Born in Milwaukee, Mr. Snyder attended Marquette University and got into the news business as a radio reporter in the Midwest, the South and Southern California in the late 1950s and early 1960s.
By the mid-1960s, he was in Philadelphia, working in television at Channel 3.
In 1965, Mr. Snyder and Marciarose Shestack became coanchors of the city's first noon news show. It was also the first program in the Eyewitness format, soon to be the industry standard, with an anchor team introducing on-camera reports by the station's news staff.
"He was brash and he was loud and he was funny," Shestack said yesterday. "He loved what he called the biz."
Mr. Snyder stayed behind the Channel 3 desk until 1970 while also hosting a morning talk show, Contact.
In 1970, Mr. Snyder decamped for California, where he became a news anchor at KNBC-TV in Los Angeles.
Three years later, he became host of a late-night show, The Tomorrow Show, which followed Johnny Carson on NBC.
It was at Tomorrow that Mr. Snyder made a national name for himself.
In the opinion of former Philadelphia anchorman Larry Kane, Mr. Snyder "hasn't gotten the credit he deserves for changing the genre of talk television." He cites Charlie Rose as one of the current broadcasters who carries the Snyder influence.
Mr. Snyder's approach to interviewing was certainly inimitable.
"There was a lot of derring-do in his interviews," Gluck said. "He would go places more traditional interviewers wouldn't."
Interviewing the likes of Manson, punk rocker Johnny Rotten, and Plasmatics singer Wendy O. Williams, who famously blew up a TV on the show, earned Mr. Snyder some criticism.
"The Tomorrow Show was often derided as being a tabloid program," Gluck said, "but in actuality [Mr. Snyder], like Mike Wallace, found a way to penetrate really interesting people who kept their guard up."
By the early 1980s, Tomorrow was running out of gas, and NBC canceled it in 1982, putting a new show with a young host named David Letterman in its place.
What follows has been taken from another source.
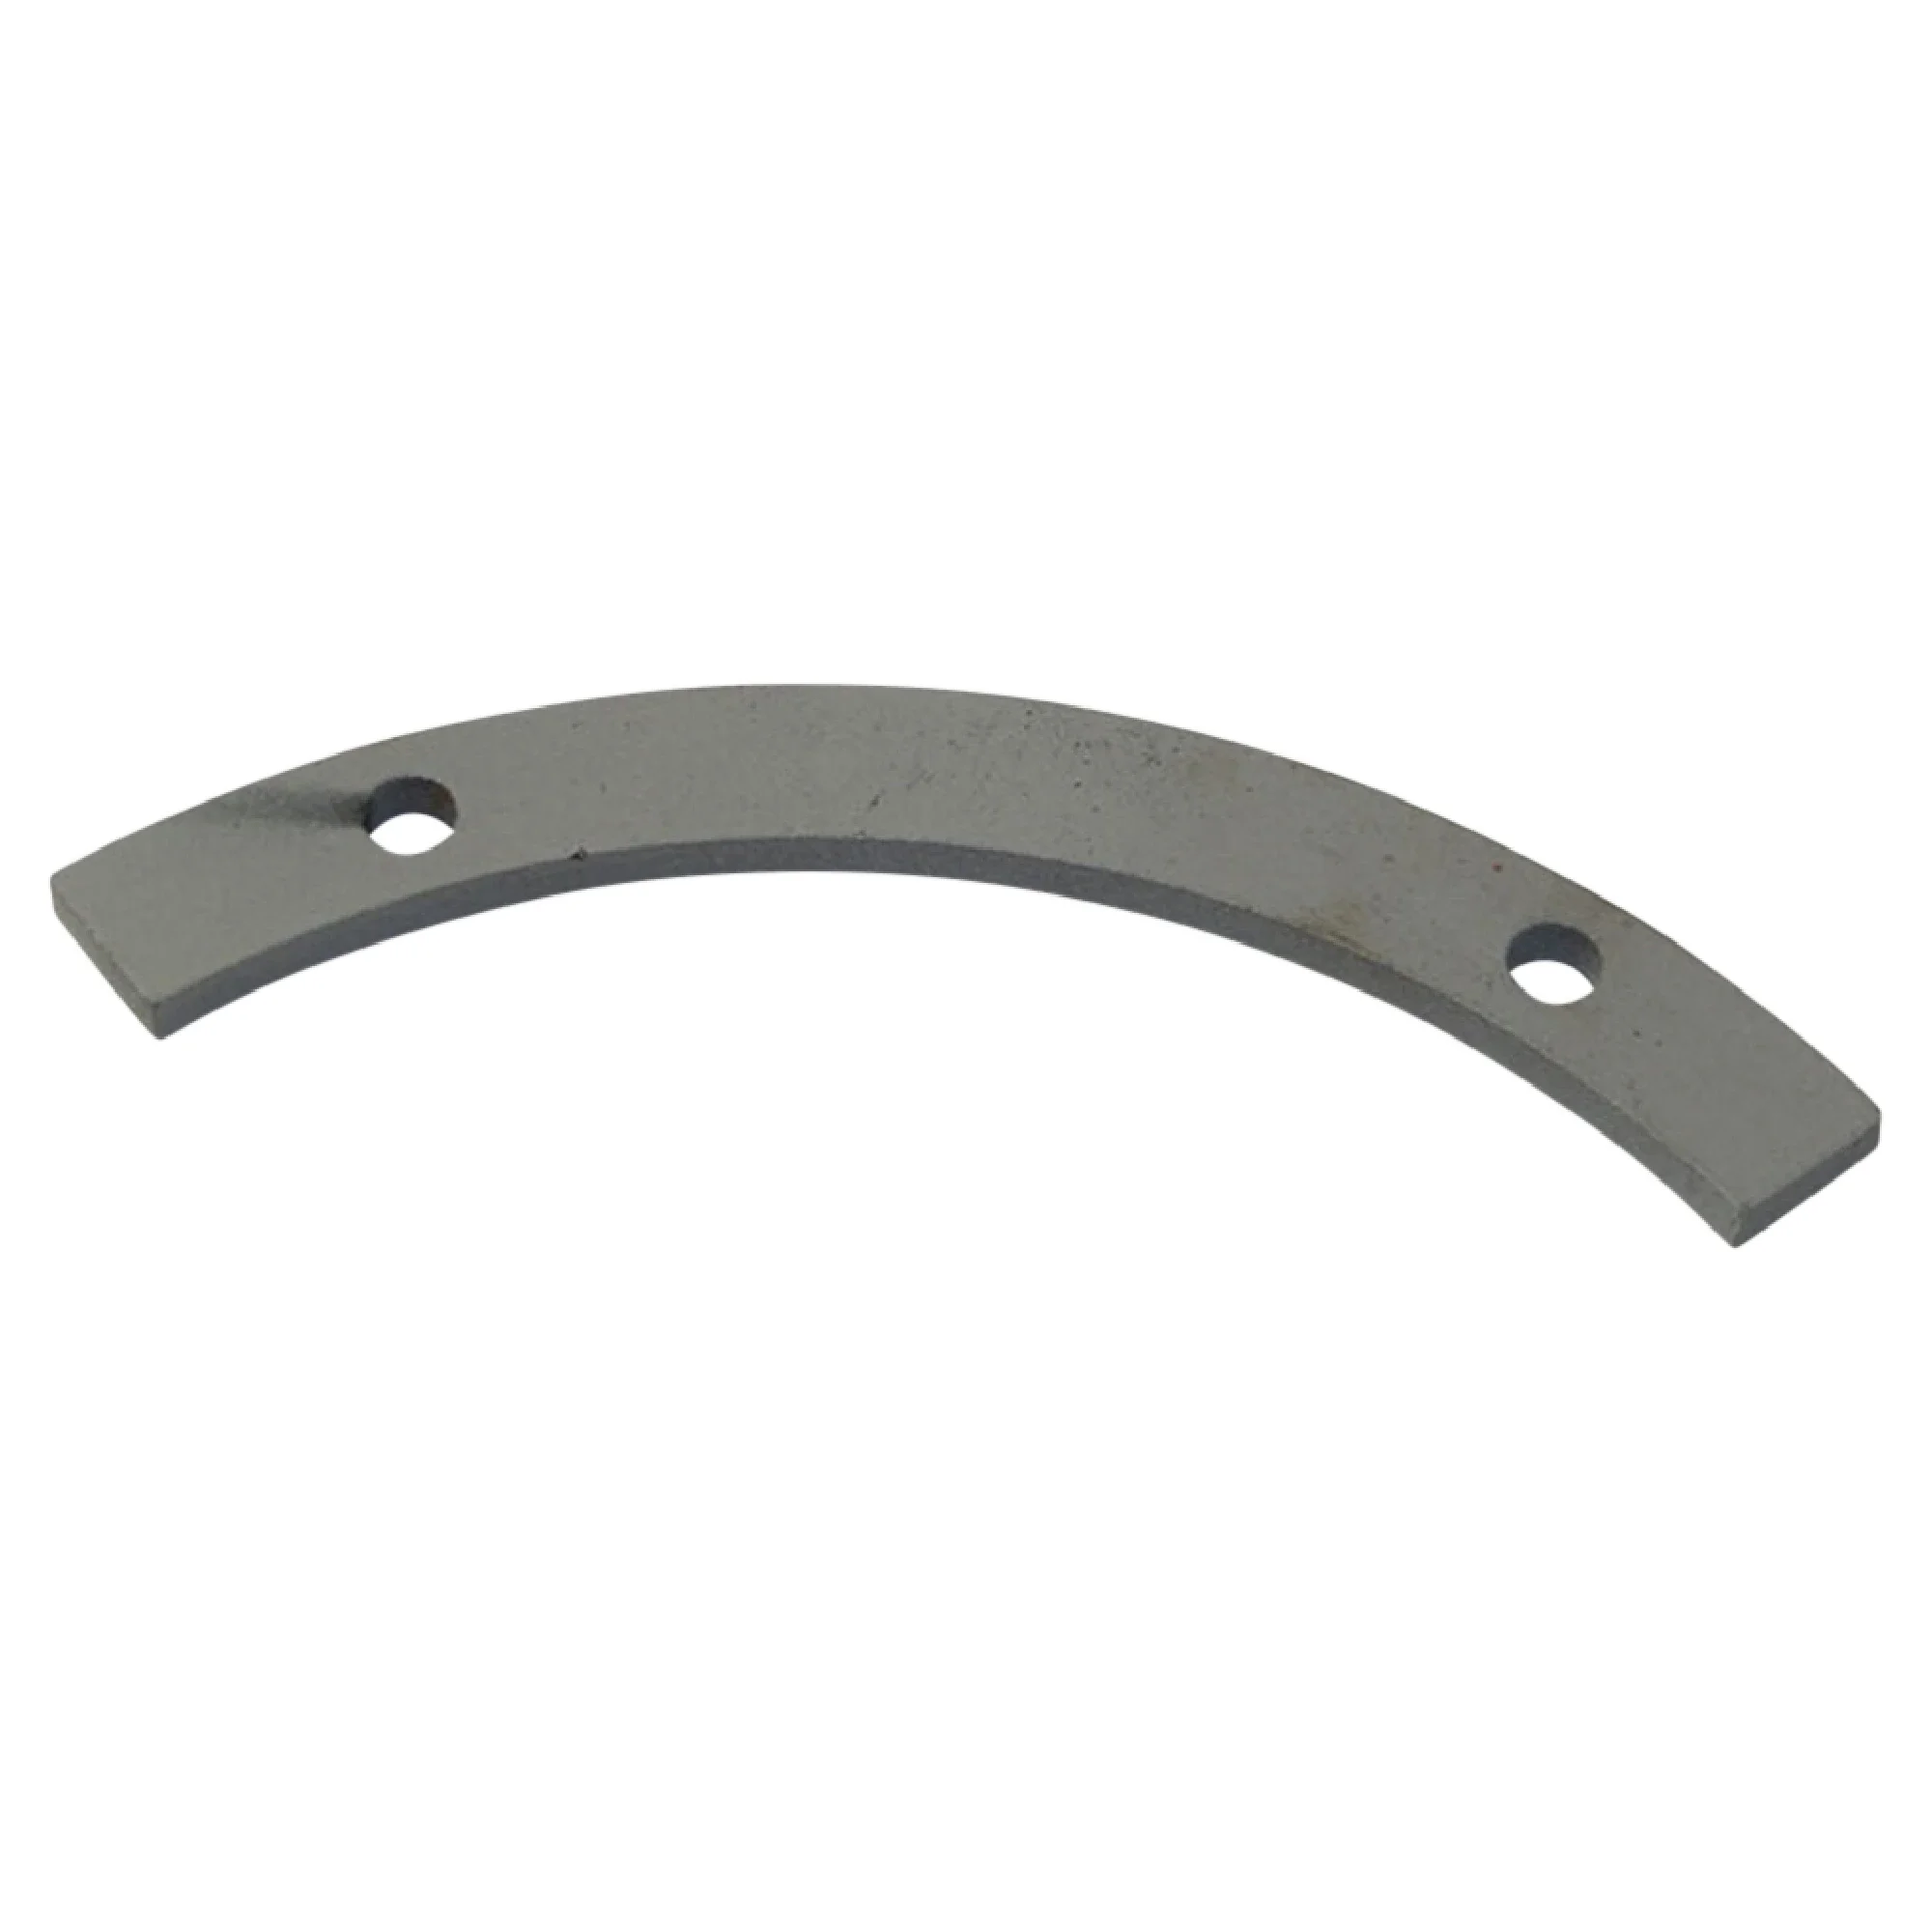 Wastebuilt® Replacement for McNeilus Strip Corner Tailgate Seal

Mr. Snyder returned to the East Coast for an anchoring stint at WABC-TV in New York. Then, it was back to Southern California for a talk-radio show. He returned to TV with a cable show on CNBC in the early 1990s before Letterman brought him back to late-night network TV by installing him as host of the new Late, Late Show on CBS.
Mr. Snyder departed The Late, Late Show in 1998.
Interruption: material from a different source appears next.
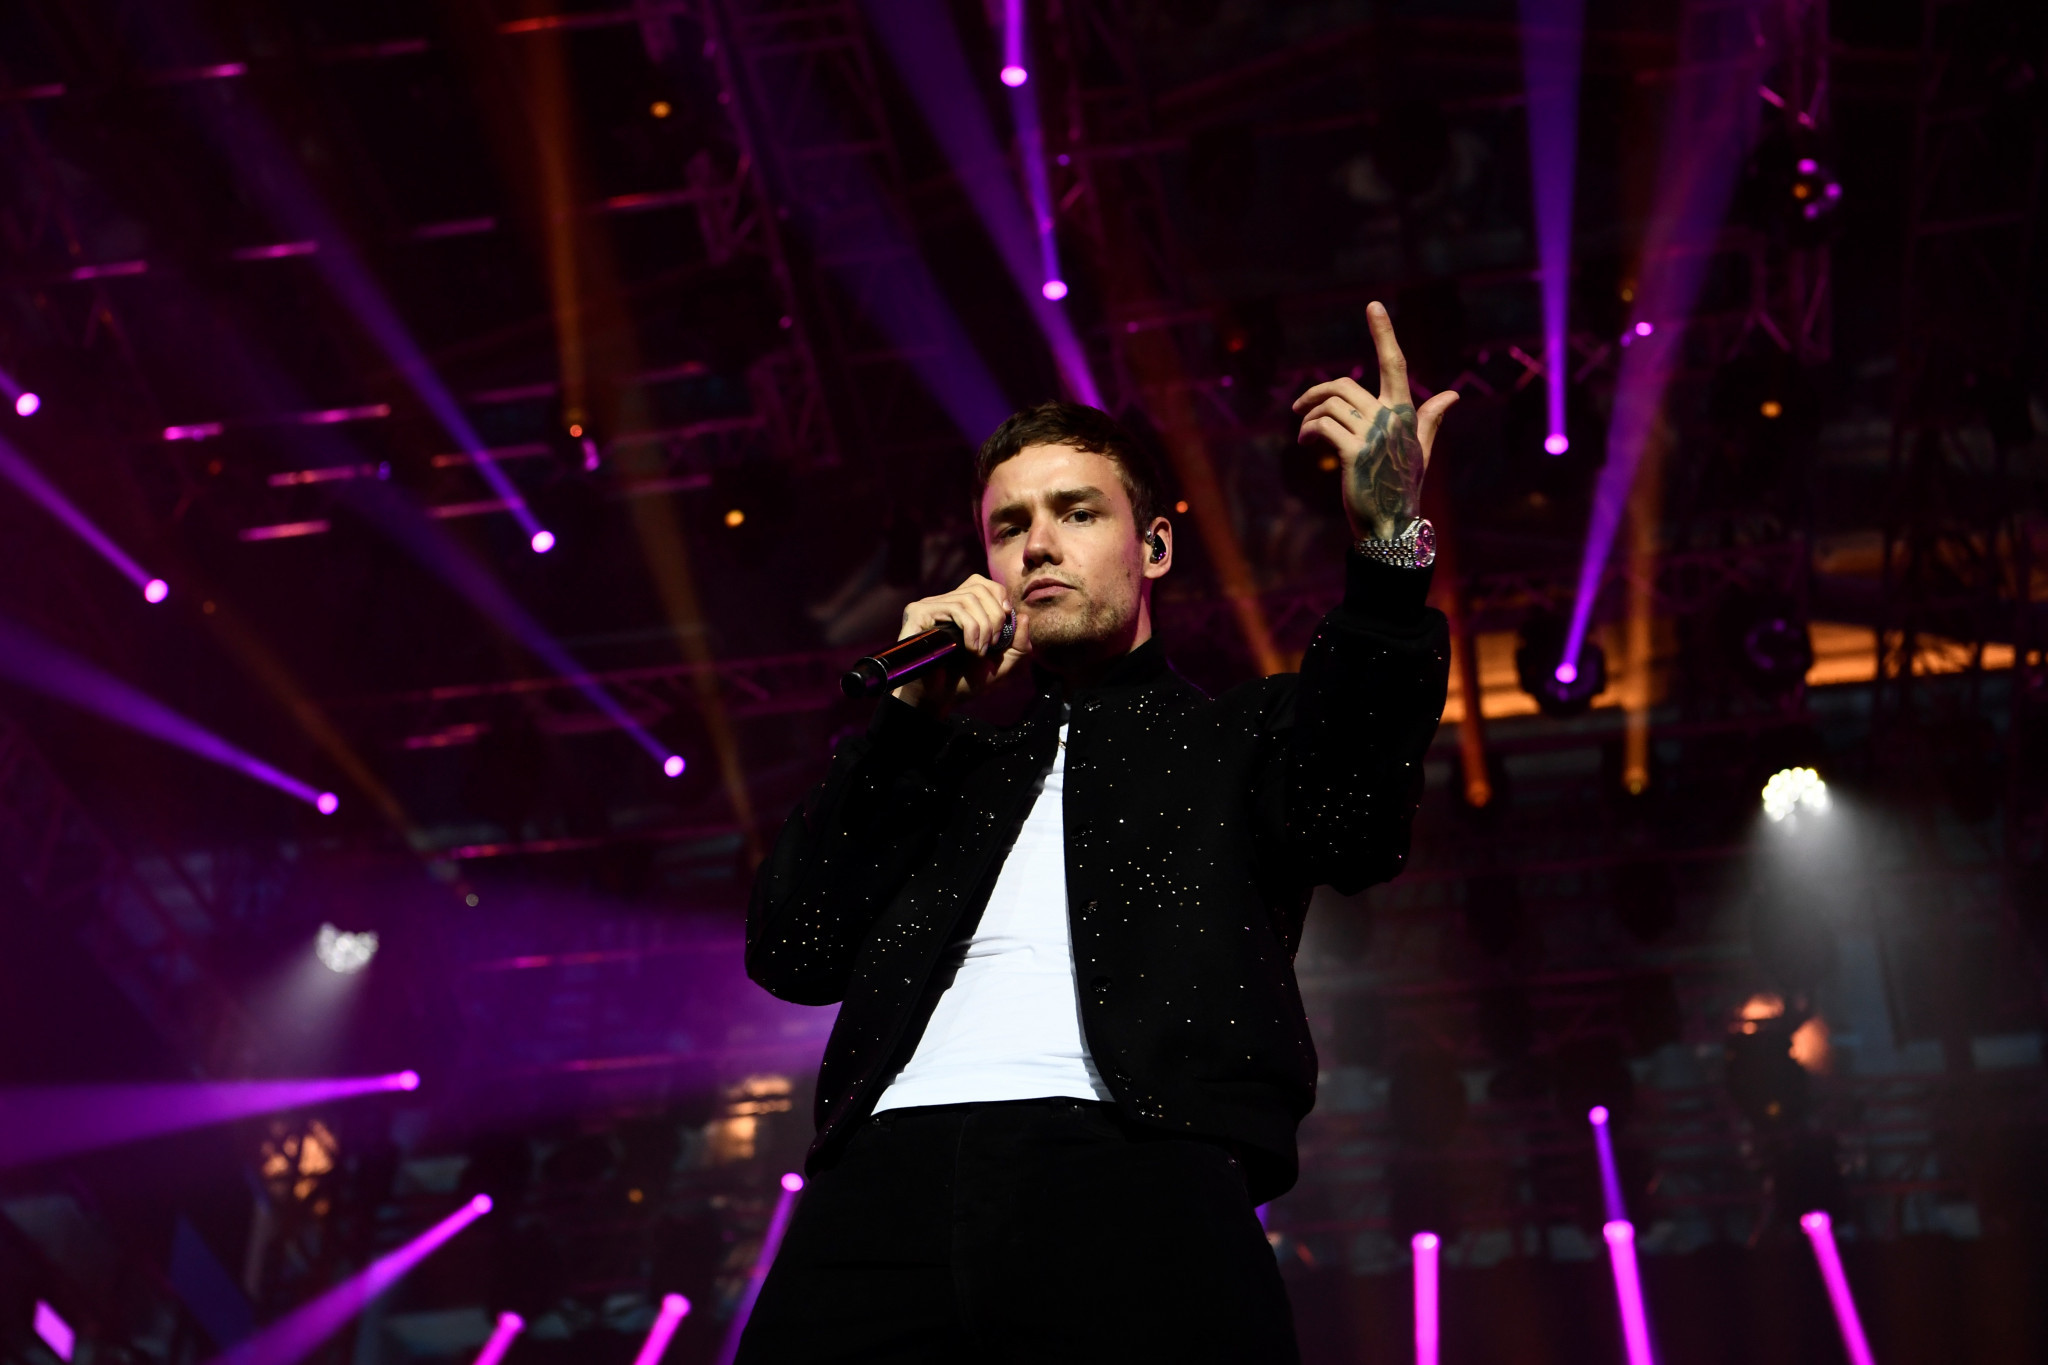 British singer Liam Payne was among the musical acts to perform at the concert ©Getty Images

In 2005, he announced on his Web site that he had been diagnosed with chronic lymphocytic leukemia.
"When I was a kid, leukemia was a death sentence," he wrote. "Now, my doctors say it's treatable! With pills or chemotherapy or a combination of both. Lemme pause here on this word 'treatable.' "
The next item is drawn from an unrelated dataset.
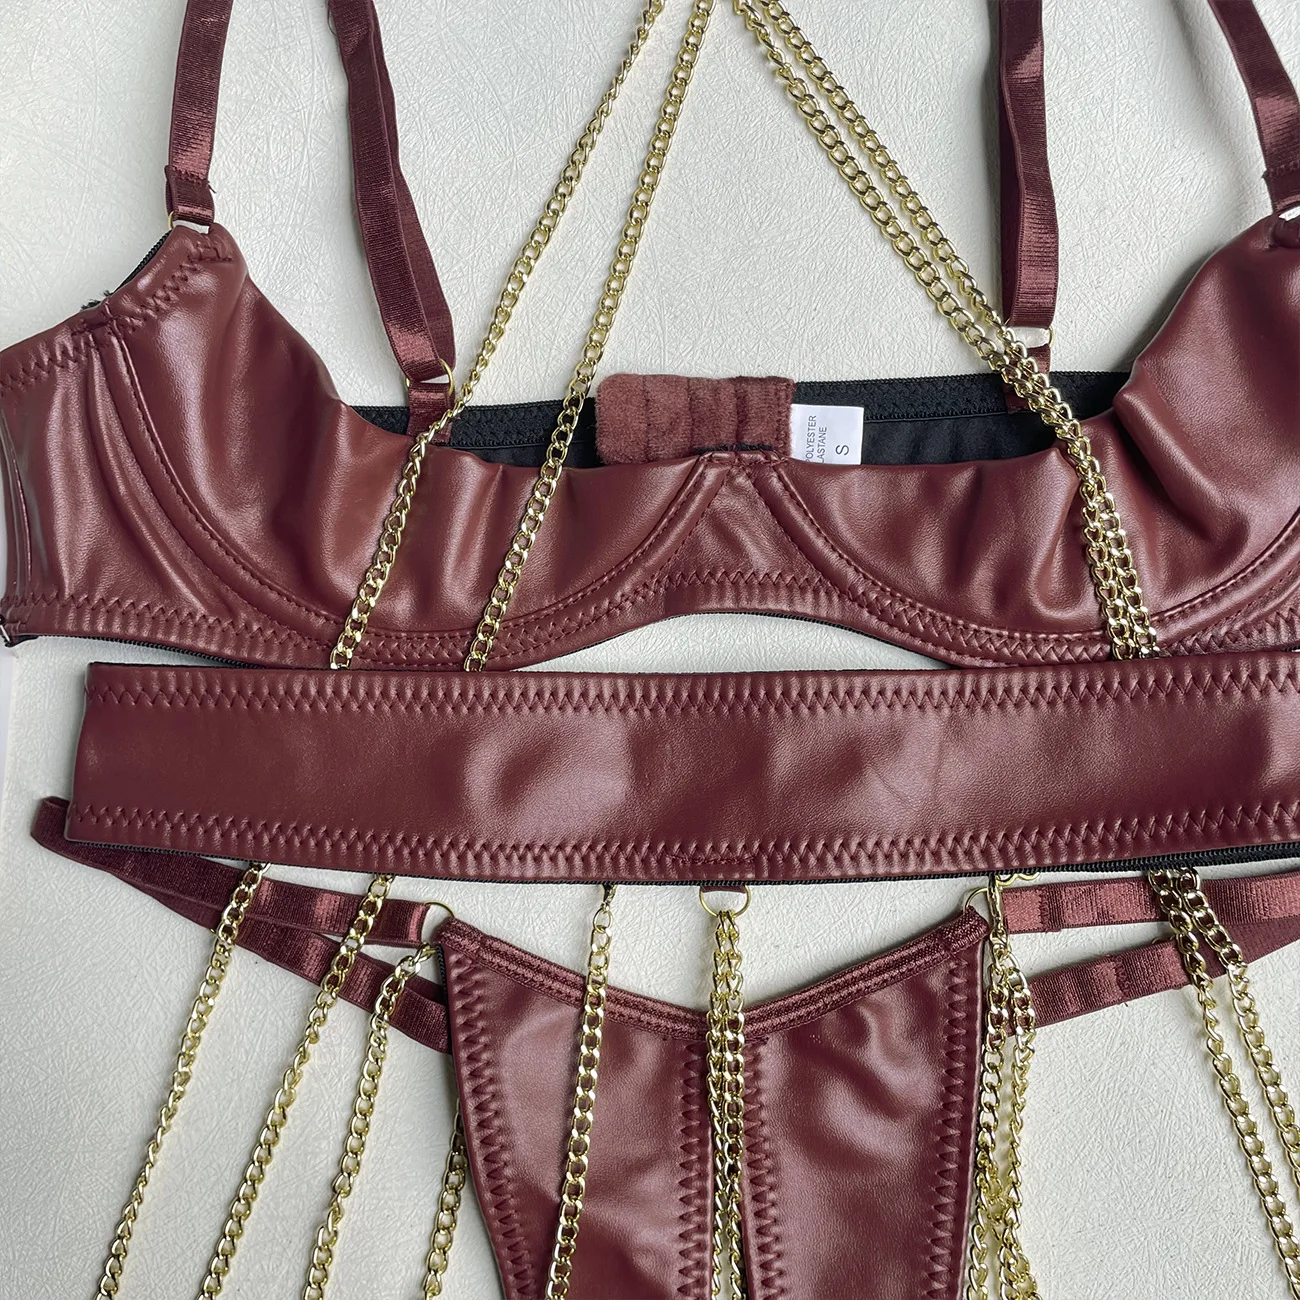 Lust - Crotchless & Half Cups Leather Lingerie

Despite his relentless probing, Mr. Snyder wasn't unfair to those he interviewed, according to Brenner. "He wouldn't try to suddenly make you sit there in your underwear" with his questioning, the comedian said.
"And he had that laugh, which wasn't fake. He was one of a kind, truly one of a kind, but in a masterful way."
He is survived by a daughter, Anne Mari Snyder; two grandchildren; and his longtime companion, Pamela Burke.
Plans for services were not immediately available.